>>>>>
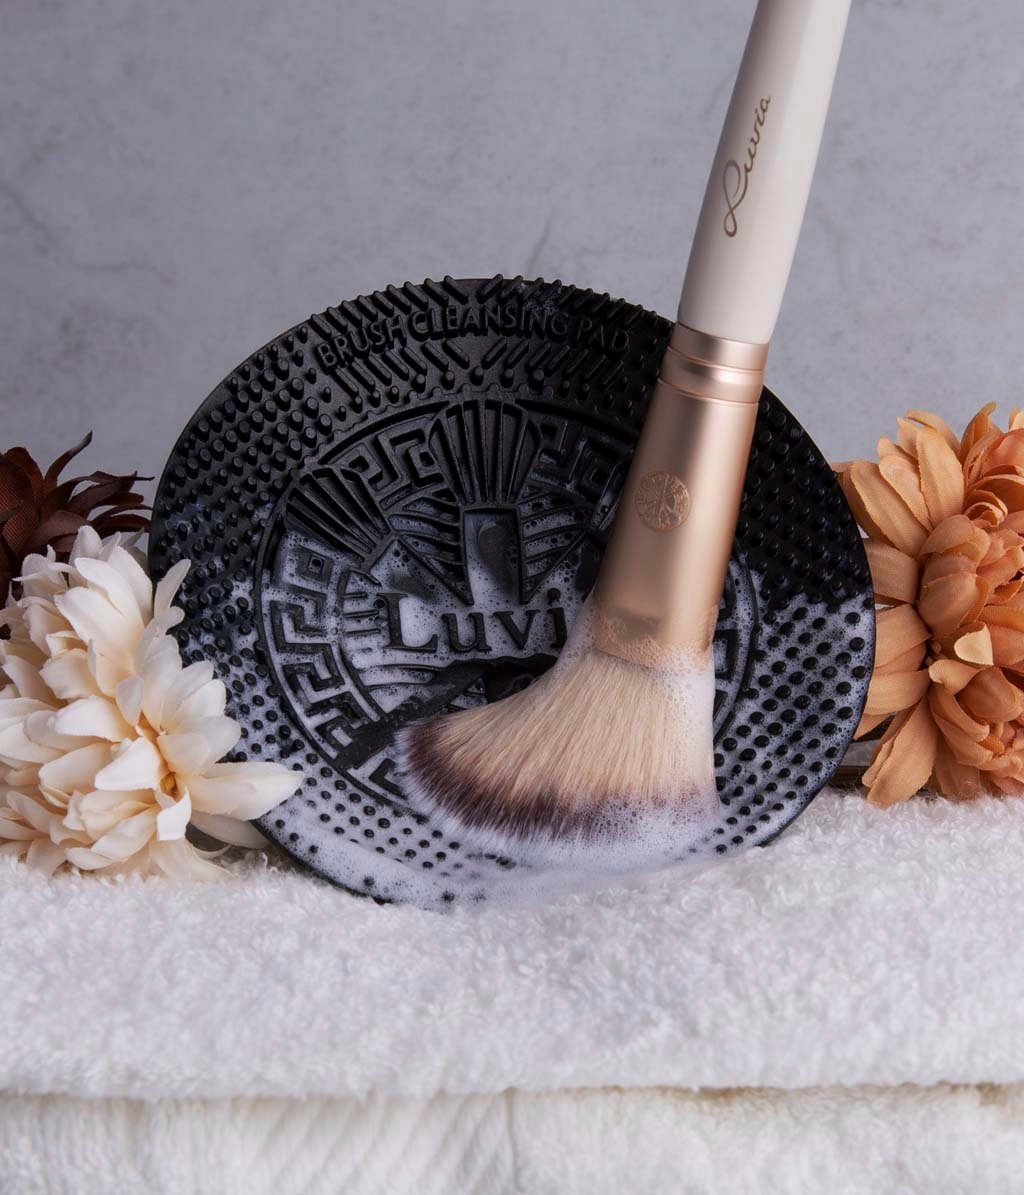 Luvia Cosmetics Kosmetikpinsel-Set Brush jede in Black, bequem Reinigung; Design Hand. passt Pad Cleansing wassersparende für 
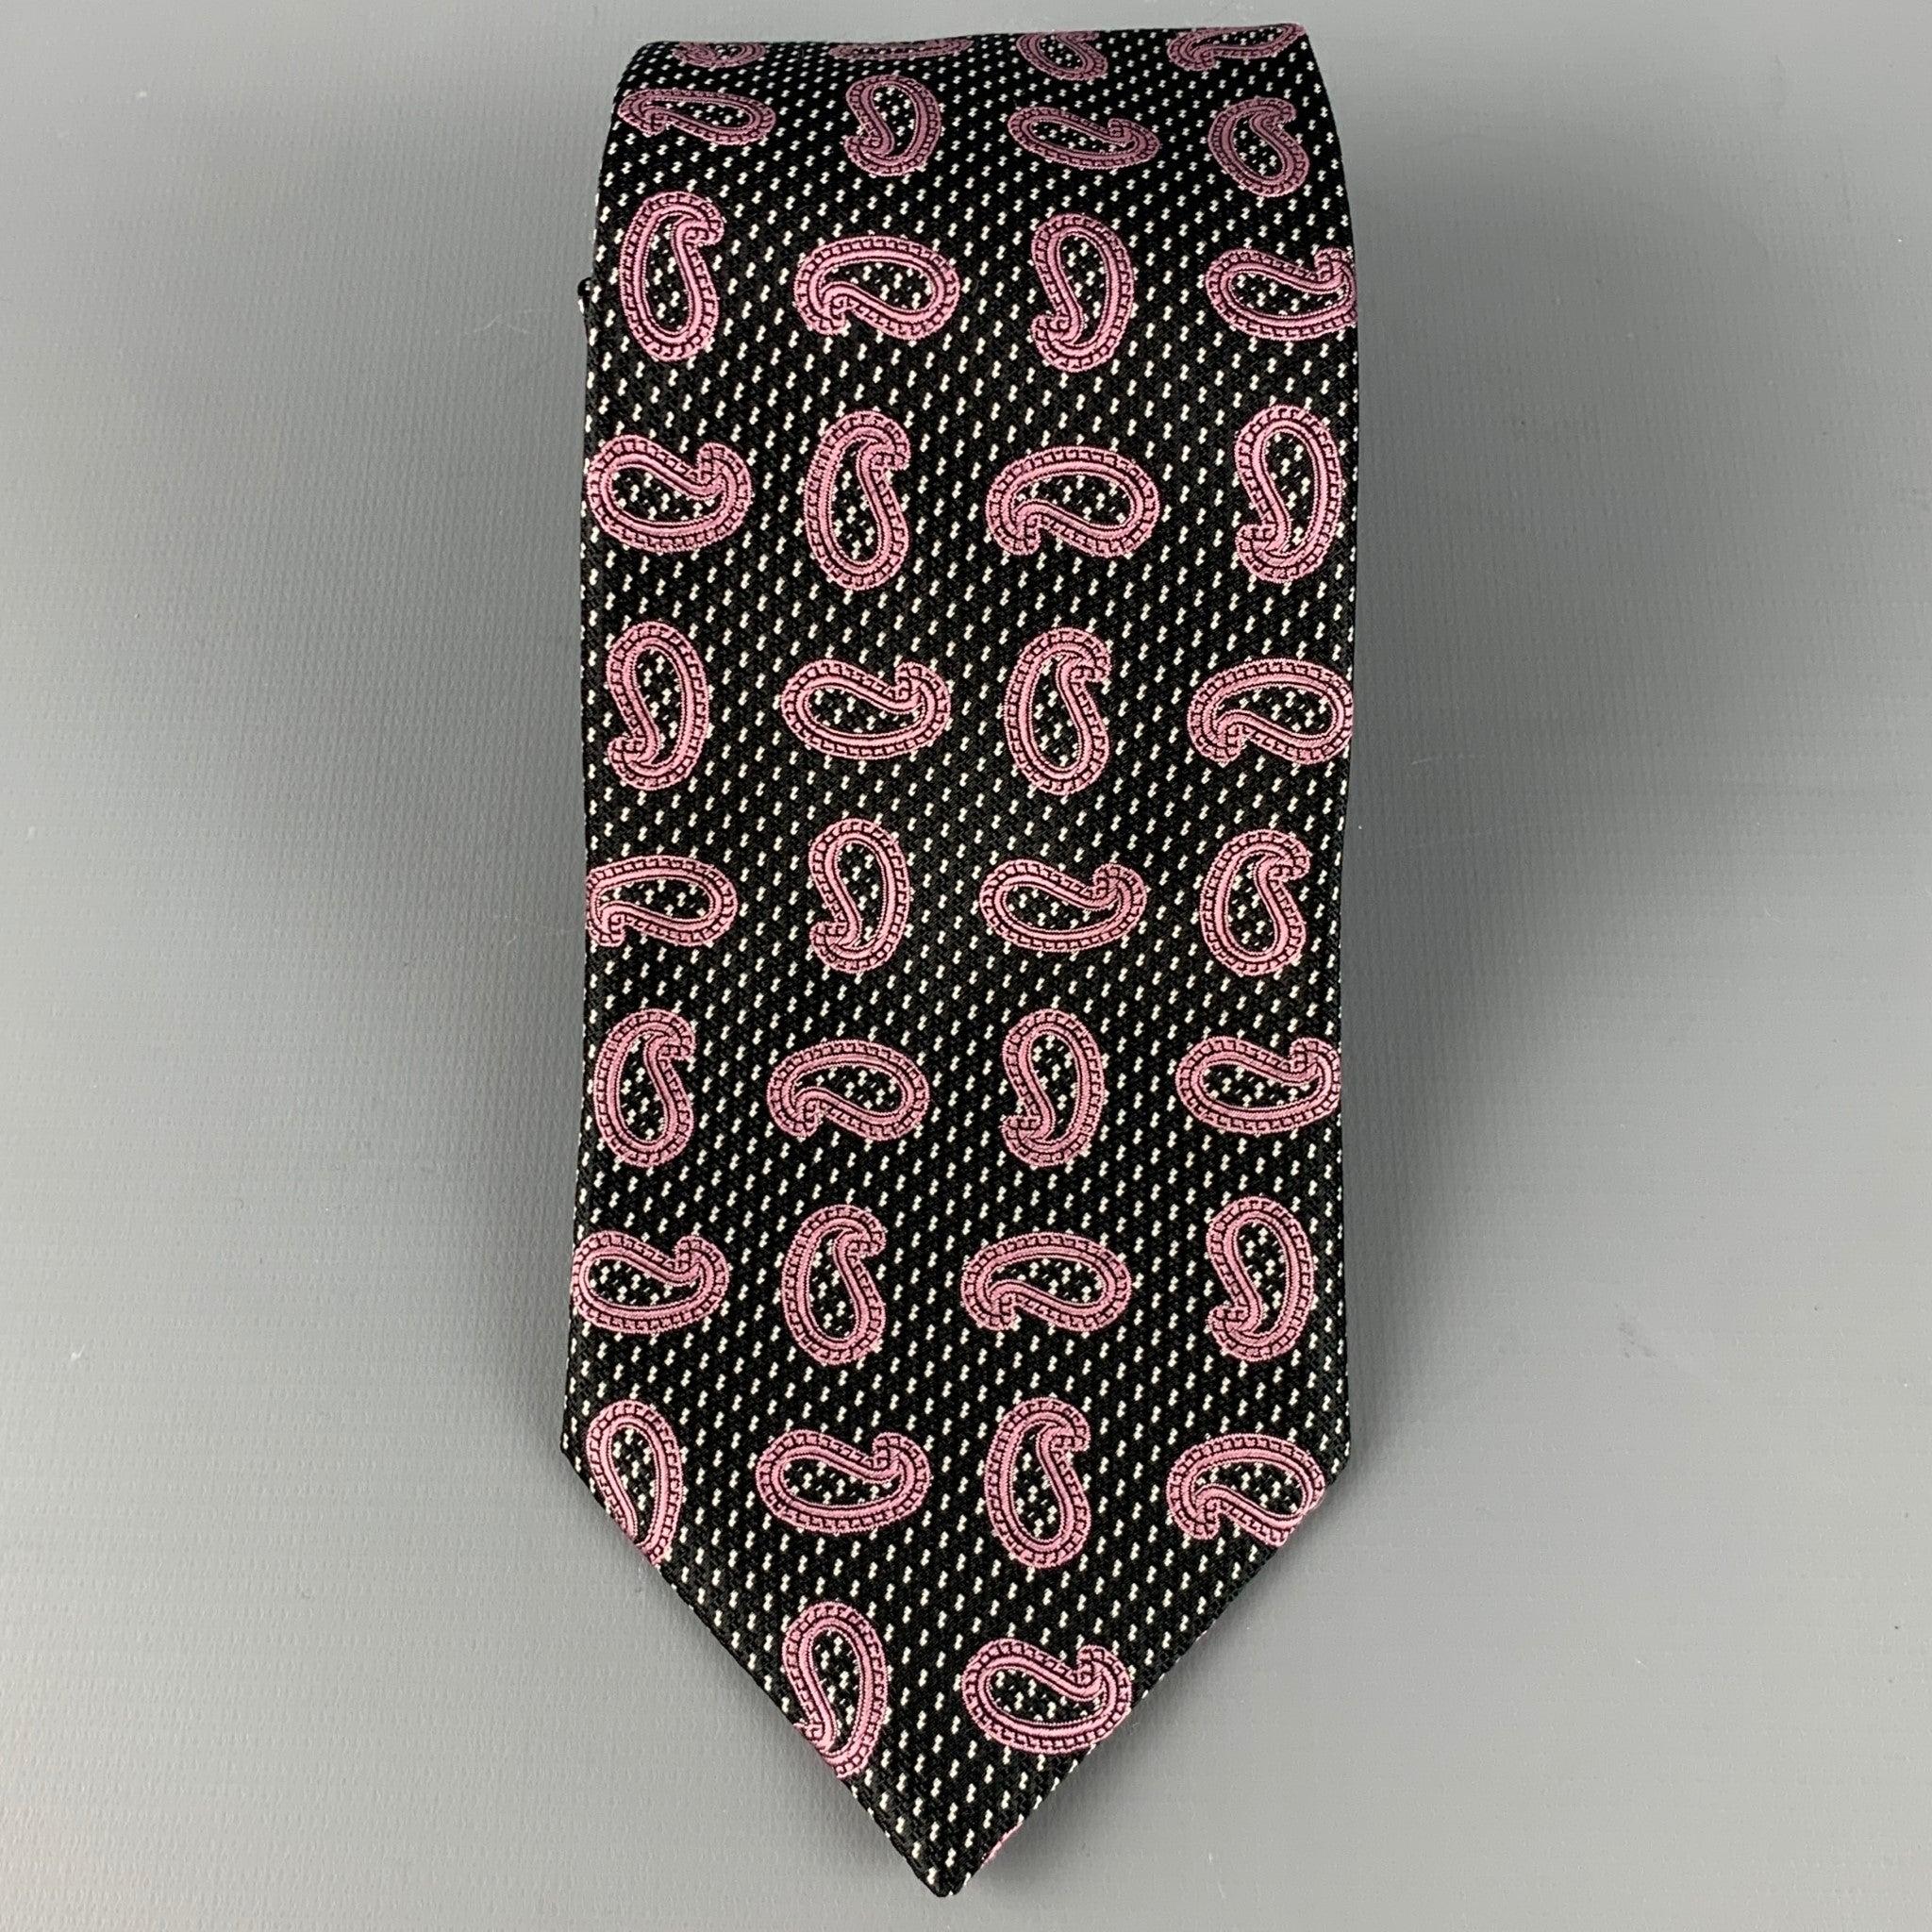 ERMENEGILDO ZEGNA
Krawatte aus schwarzer Seide mit lila Paisleymuster. Made in Italy. sehr guter gebrauchter Zustand. 

Abmessungen: 
  Breite: 3,5 Zoll Länge: 60 Zoll 
  
  
 
Sui Generis-Referenz: 126577
Kategorie: Krawatte
Mehr Details
<<<<<
* _TASK TO CARRY OUT_: Return the listing verbatim; pictures are not part of the copy.

* _RESPONSE AREA_:
 Luvia Cosmetics Kosmetikpinsel-Set Brush jede in Black, bequem Reinigung; Design Hand. passt Pad Cleansing wassersparende für 
 ERMENEGILDO ZEGNA
Krawatte aus schwarzer Seide mit lila Paisleymuster. Made in Italy. sehr guter gebrauchter Zustand. 

Abmessungen: 
  Breite: 3,5 Zoll Länge: 60 Zoll 
  
  
 
Sui Generis-Referenz: 126577
Kategorie: Krawatte
Mehr Details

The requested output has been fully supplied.